I rolled a back-road into town, and followed my instincts into the center of town - the wide main street area.  The first place I spotted was Jay Street Pub, in front of which a man with a long mane and a bandana cap was unlocking the door, his young son beside him after getting out of a golf cart.  I rolled up, thinking they might be customers, but with no beer or "open": signs on in the window.

"Is this place open?" I asked.

Expressionless, he replied "No, but you can come in."

With token resistance to validate both the sincerity and the security of the invitation, I sensed an opportunity of engagement and accepted. Built in 1910, the exterior was a bit run down, the interior dark but for the glow of a few backroom lights and the sign headers on the beer coolers behind the bar, revealing a gloomy, time-worn interior with a few tables and a pool table.  I took a seat at the corner of the bar, while thanking him for the opportunity to cool off in the welcome shade of a darkened bar.


Seth took a seat next to me while his father, Jason (as i will call him) tinkered a bit in the backroom. He offered and I accepted a Coke (full sugar!).  Eight years old, he was done with school for the year (third grade) but regretfully admitted the need for summer school as he did not do so well in homeschooling. His favorite class was "computers" and his worst "math".  We talked about school and home life until his Dad reappeared behind the bar.

Over my leftover pizza and the Coke, we chatted about the bar business in tiny Bruce, South Dakota, and how he came to acquire it.  Jason was careful not to slam the competition, but over the course of 30 minutes recited the intrigue of a new bar competitor and restaurant in town, and how it came to be out of business so quickly. With all the drama of a high flying merger and acquisition story, an offer from the competition to join up (declined) and his collective wisdom of 10 years owning the business after a layoff from a solid career in wind turbine maintenance, Jason was cool, almost complacent about his circumstances and the bar.  He identifies the need to make physical improvements,  but held off with strategic caution due to the downturn from COVID.  

He owns the bar free and clear, bought it well, is profitable and proud.  This could have been  a lesson for any business management student - it had all the ingredients.
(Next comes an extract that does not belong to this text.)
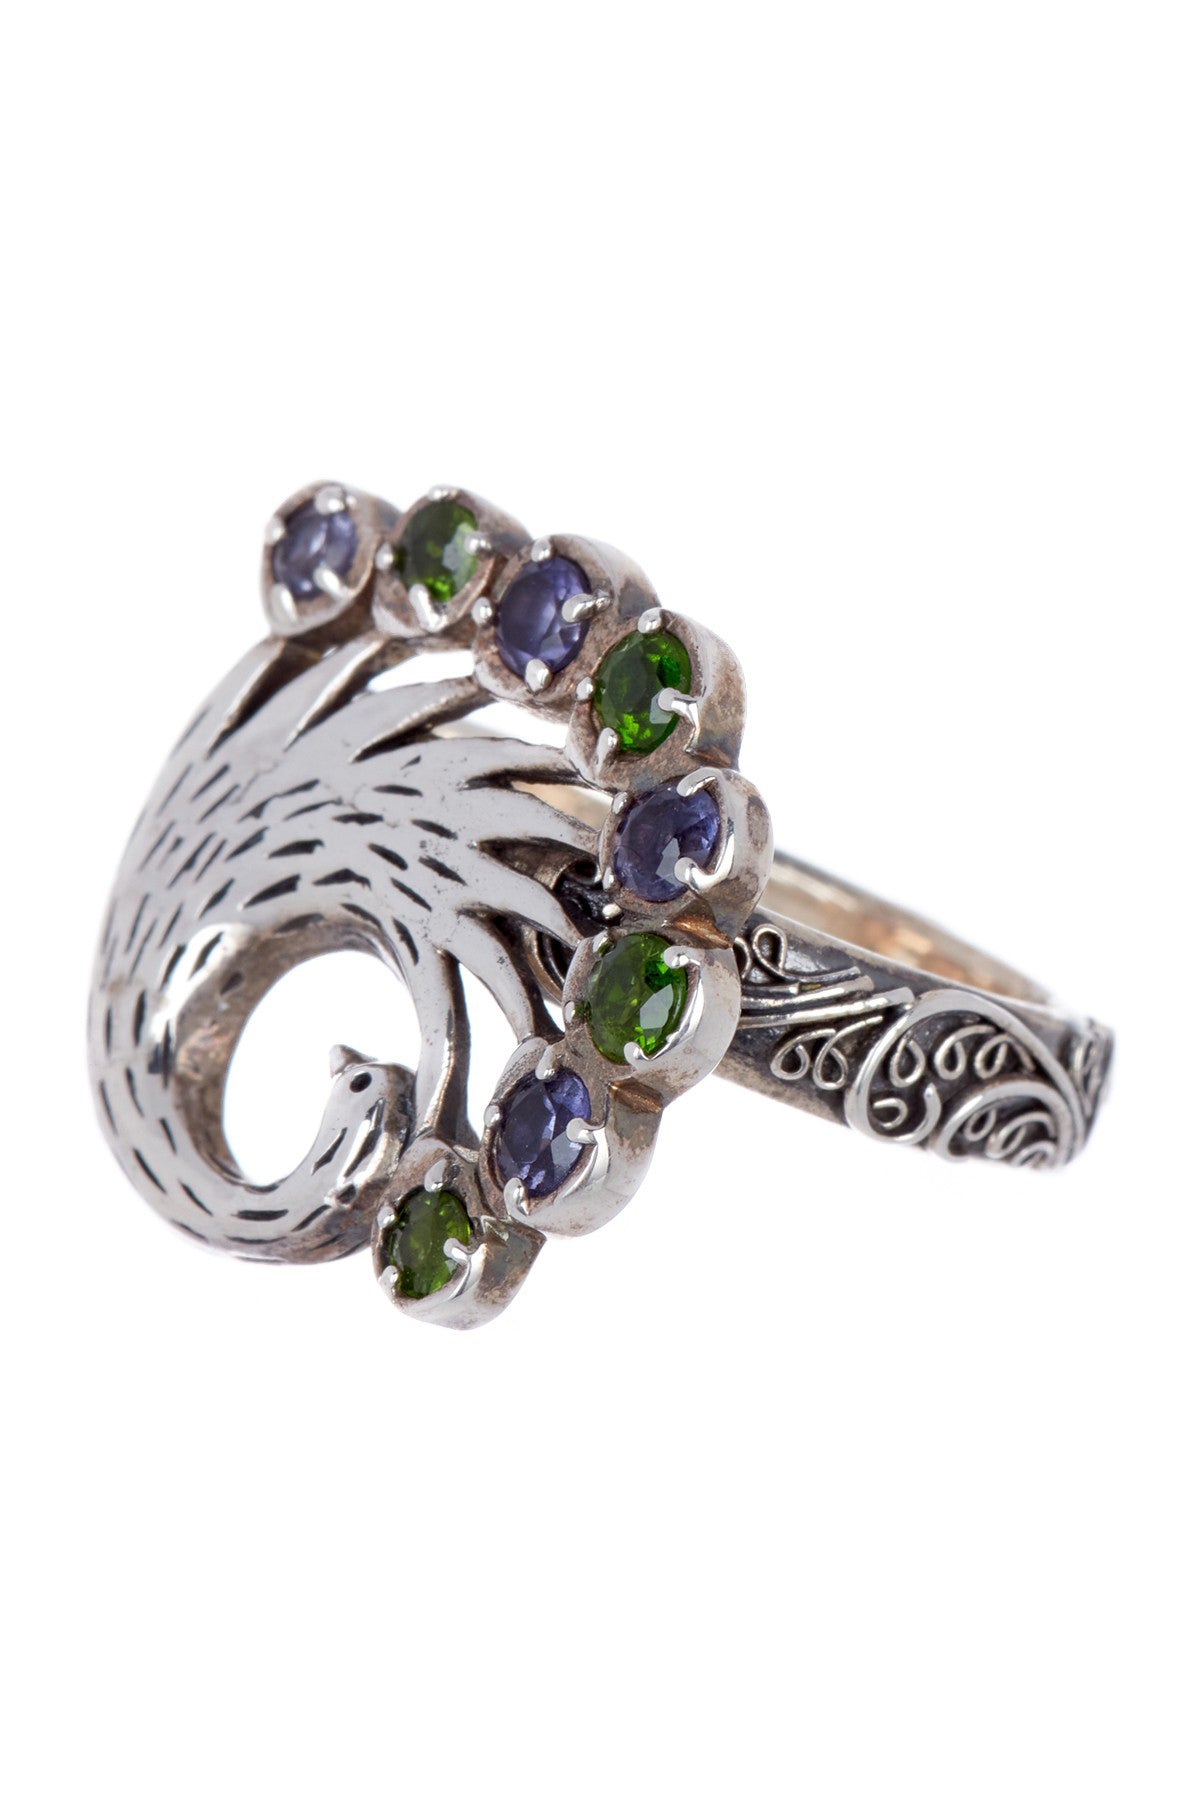 Peacock Ring in Sterling Silver Resizeable – Jambo
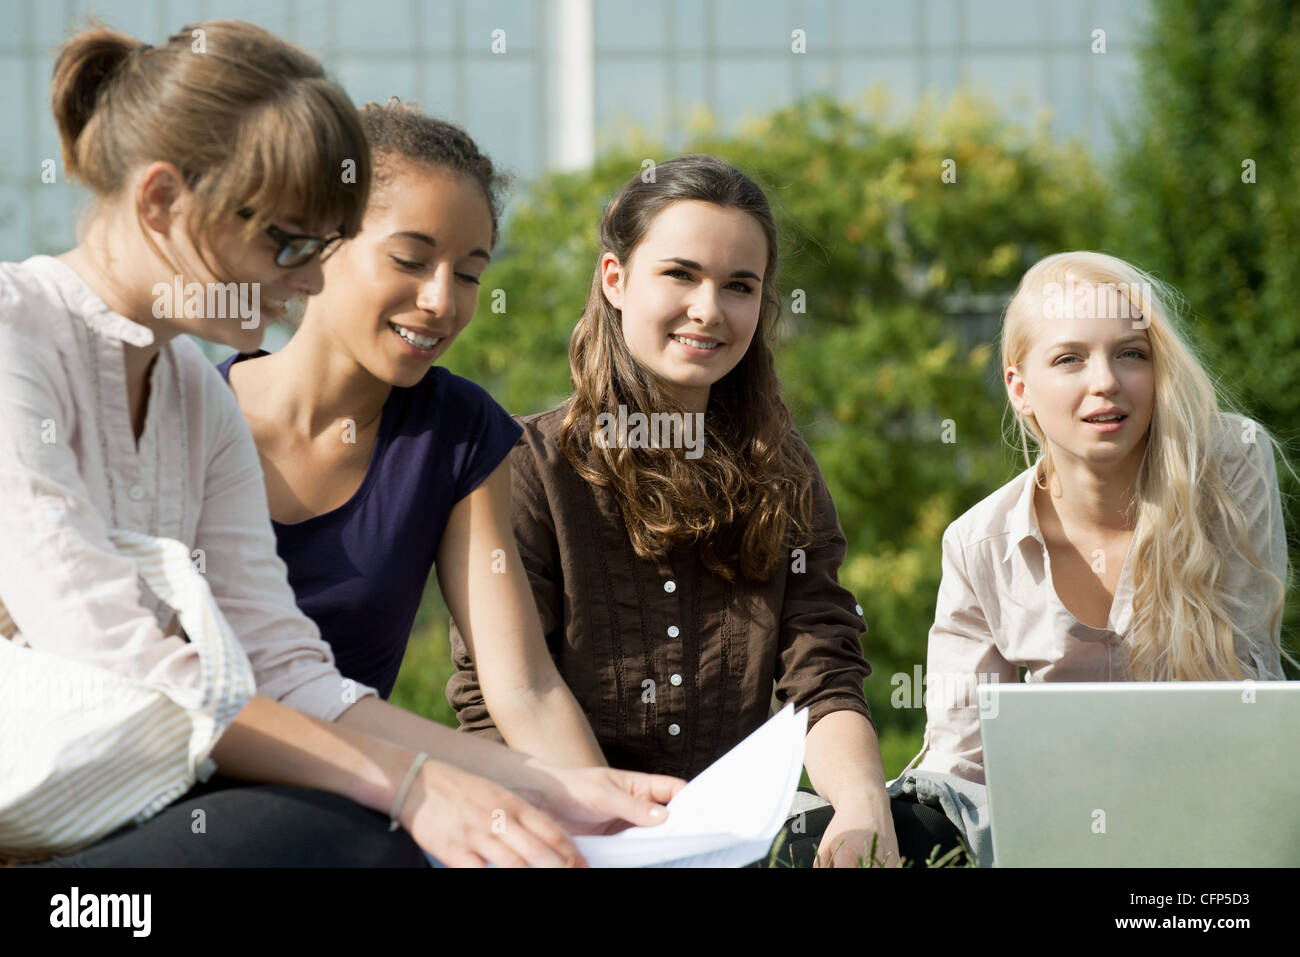 Female university students studying together outdoors, focus on two women Stock Photo

His vision for the future: for his two kids to be able to work here as he watched Seth deftly serve another Coke and fill my water bottles with ice, and for the business to be able to have another employee/manager to allow him to move back into another job.  He tells this with a fatherly gleam in his eye for Seth.

Time to go.  "How much for the Coke?"

"Two dollars."

I handed Seth $10 while telling Jason "$2 for the Coke, and $8 to Seth for doing all the work!"  

That was $10 well spent - the advantages of a solo journey, revealed in the cool shade of a darkened bar, a guest of the proud Owner.